PROBLEM DESCRIPTION
Within the lines below, the span from the line with "Kui Ketter Orav" to the line with "Des centaines d'étudiants", both ends included, is to be reproduced exactly, with pictures omitted.

DATASET EXTRACT
────────────────────
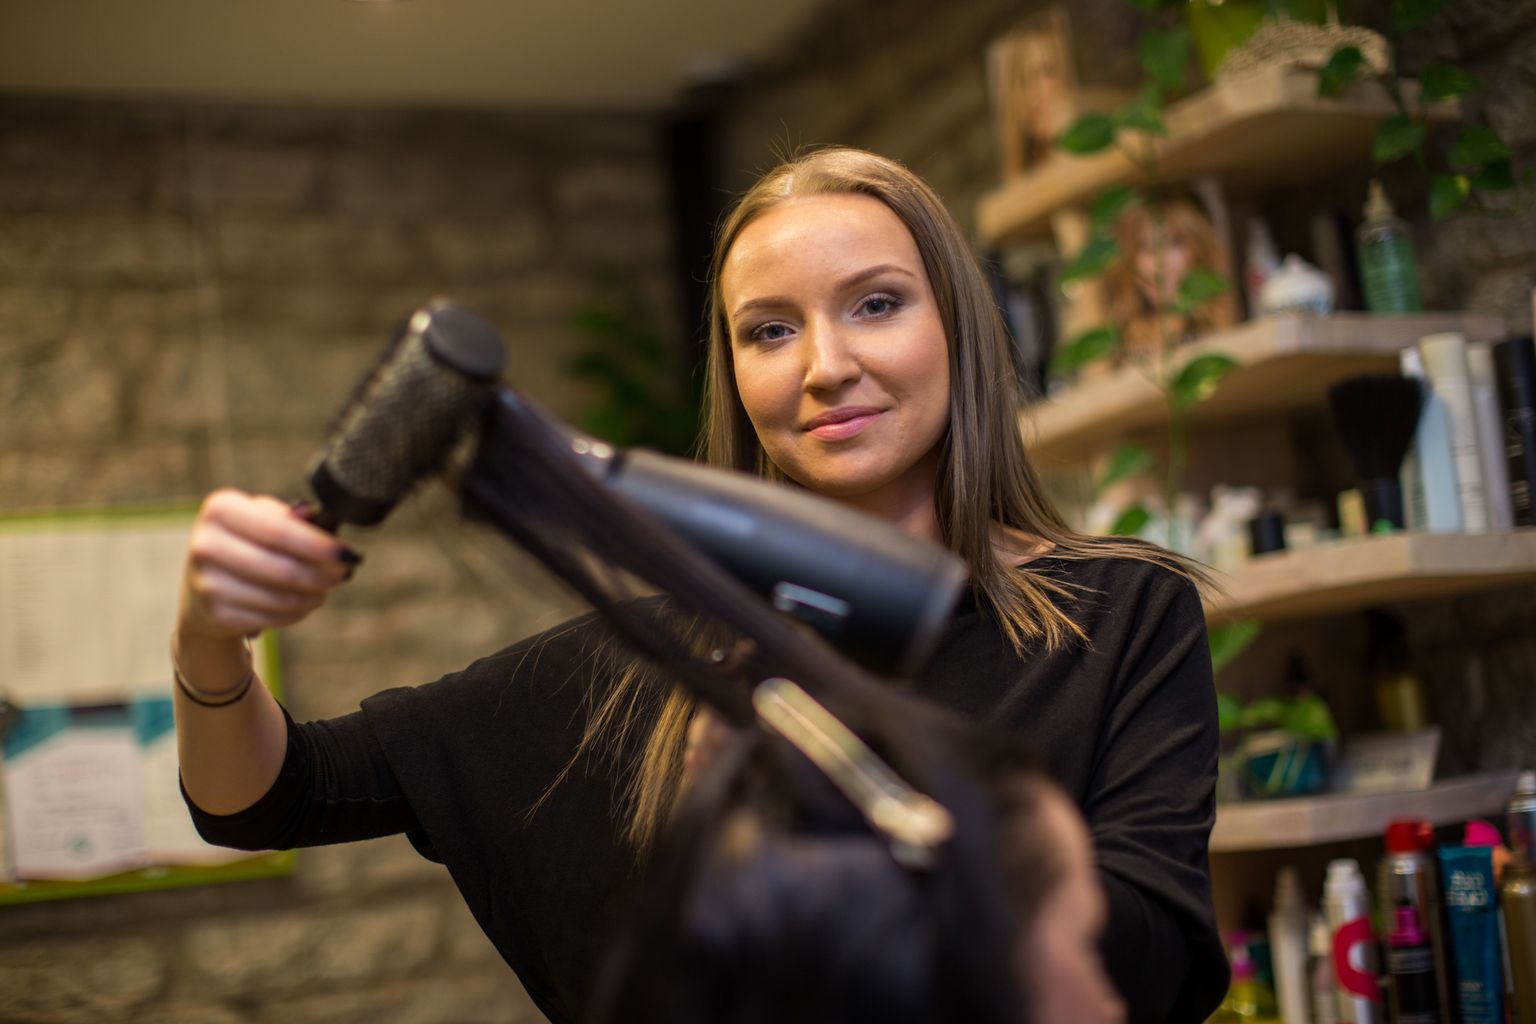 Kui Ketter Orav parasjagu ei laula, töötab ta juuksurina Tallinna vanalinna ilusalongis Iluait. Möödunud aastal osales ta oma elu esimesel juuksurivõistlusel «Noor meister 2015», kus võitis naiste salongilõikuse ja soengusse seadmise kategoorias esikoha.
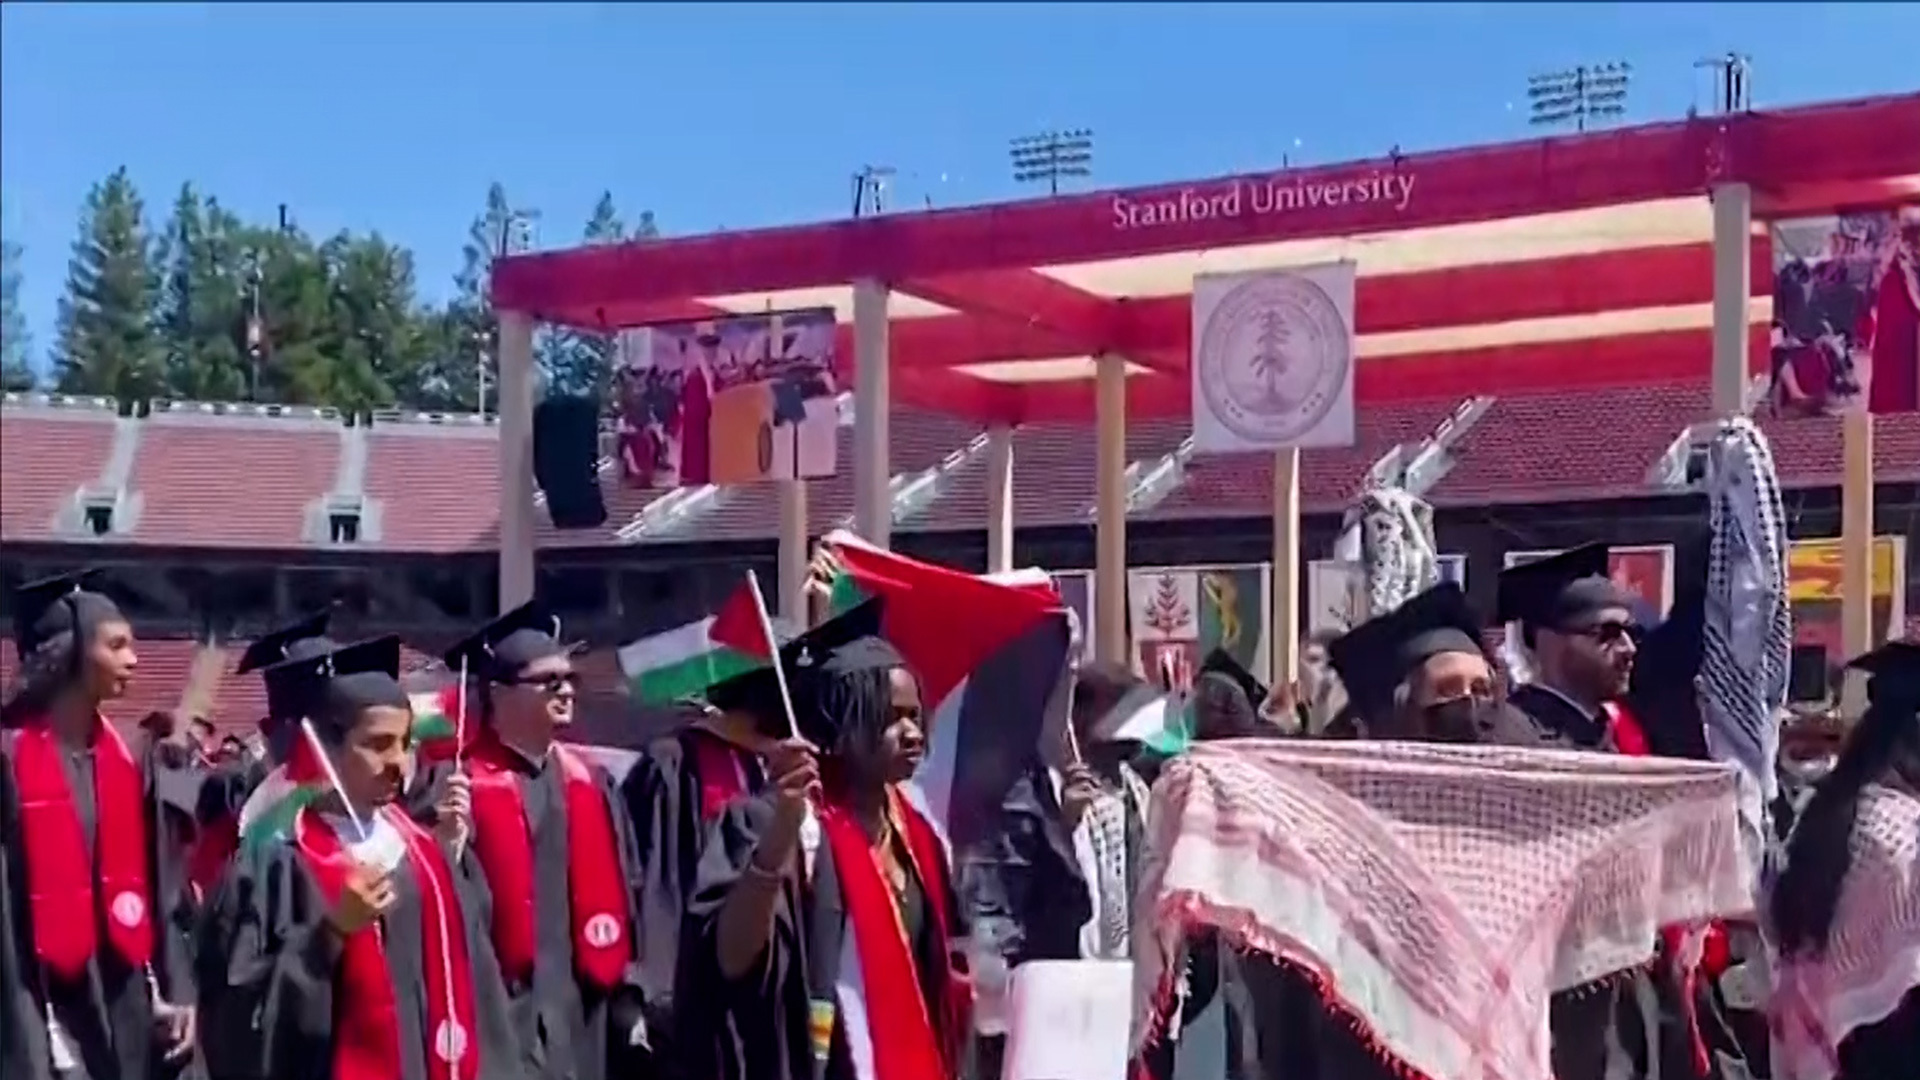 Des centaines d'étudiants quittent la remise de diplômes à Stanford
────────────────────
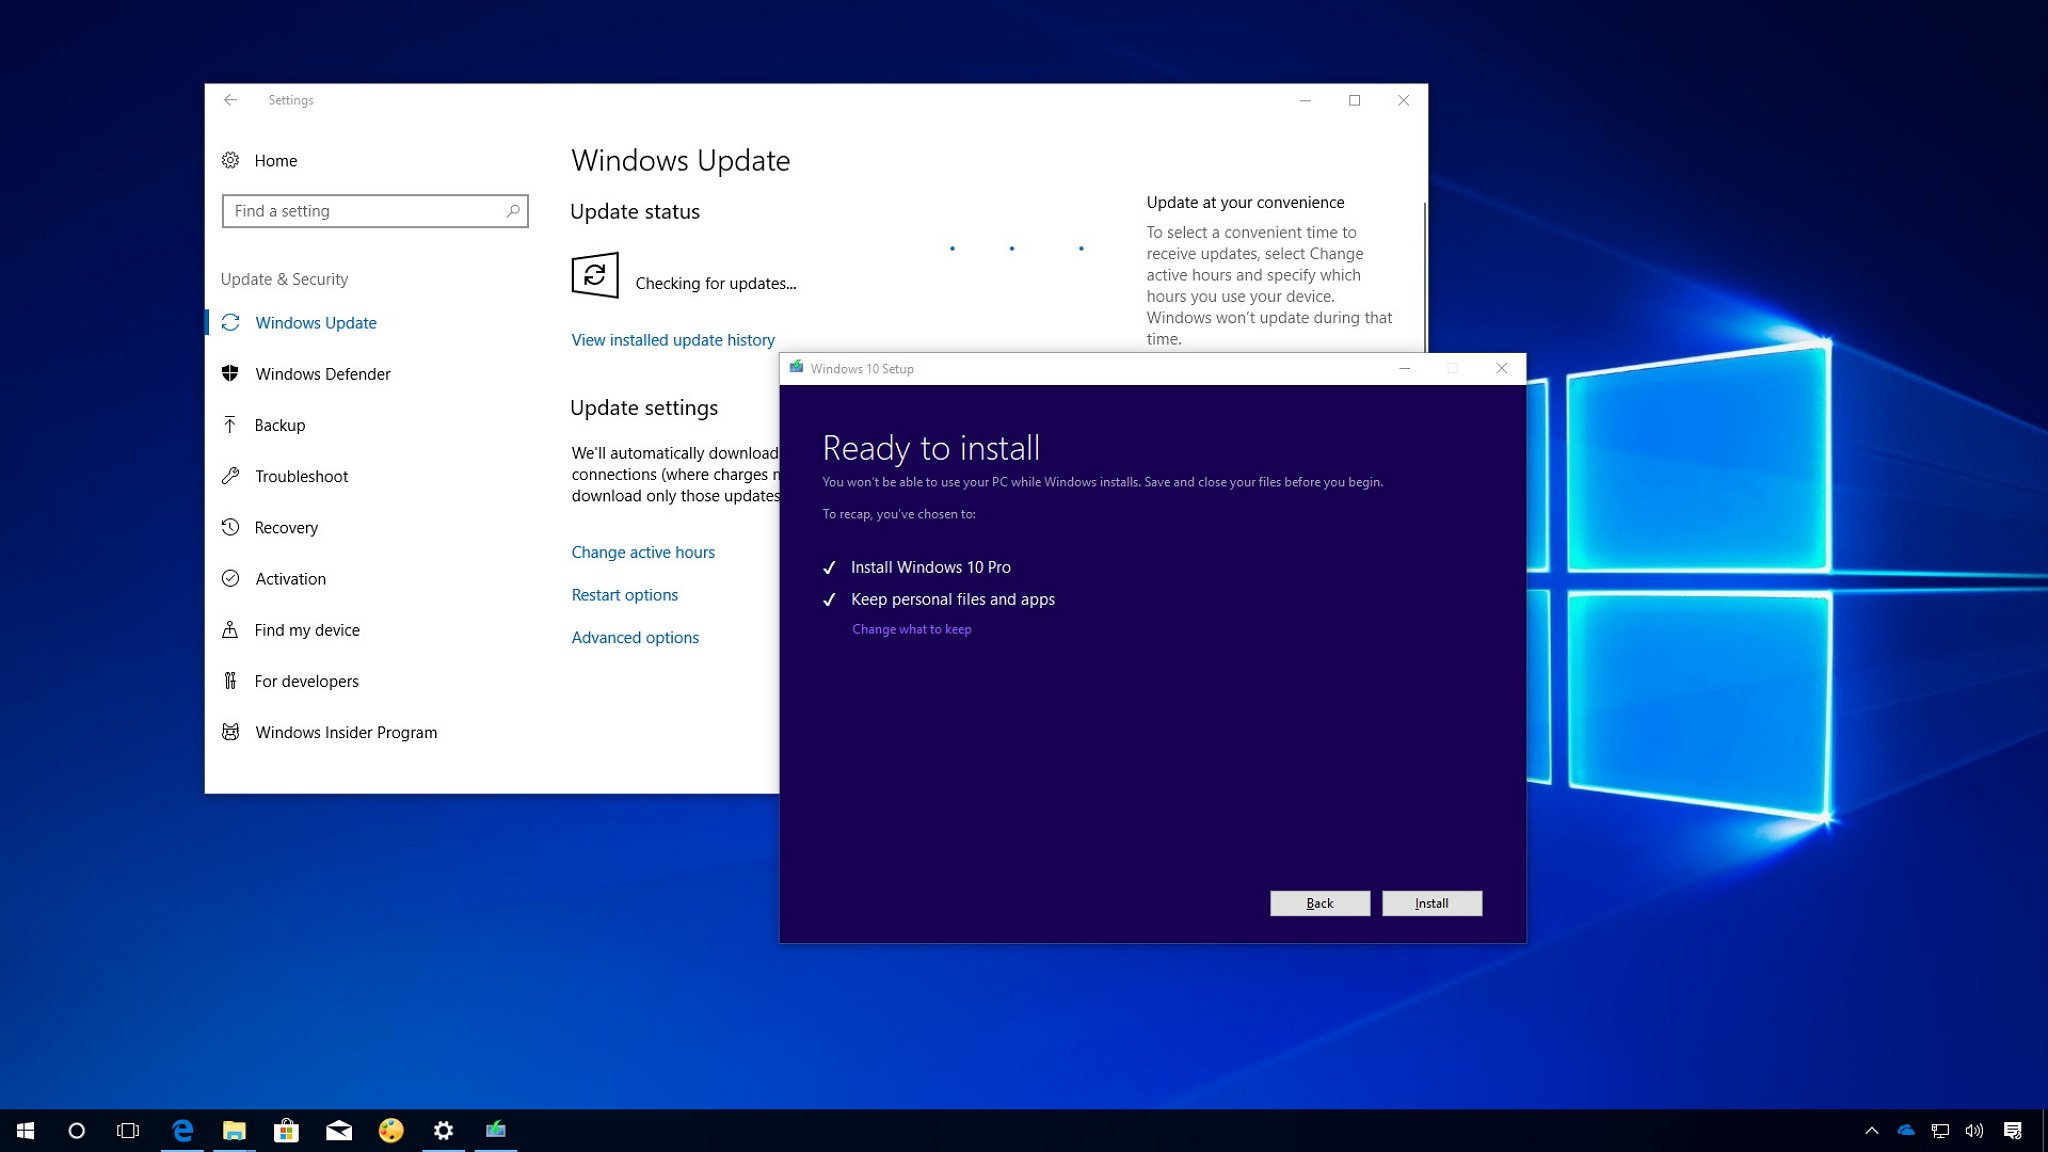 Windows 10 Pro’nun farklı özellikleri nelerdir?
────────────────────
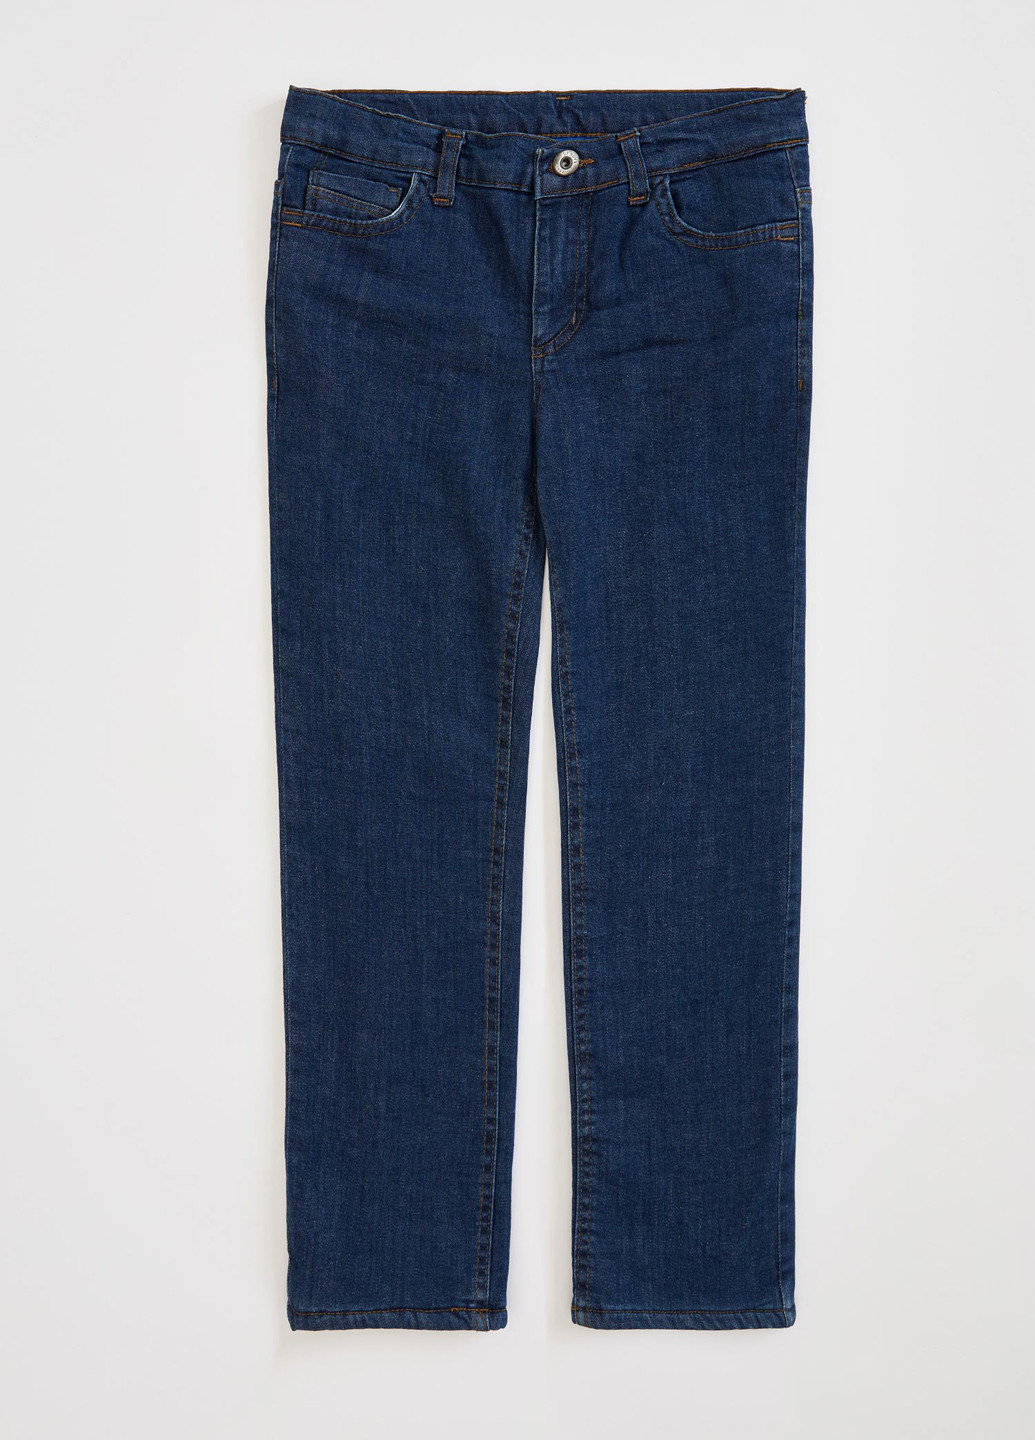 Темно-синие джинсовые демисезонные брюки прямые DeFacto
────────────────────
EXPECTED OUTPUT
 Kui Ketter Orav parasjagu ei laula, töötab ta juuksurina Tallinna vanalinna ilusalongis Iluait. Möödunud aastal osales ta oma elu esimesel juuksurivõistlusel «Noor meister 2015», kus võitis naiste salongilõikuse ja soengusse seadmise kategoorias esikoha.
 Des centaines d'étudiants quittent la remise de diplômes à Stanford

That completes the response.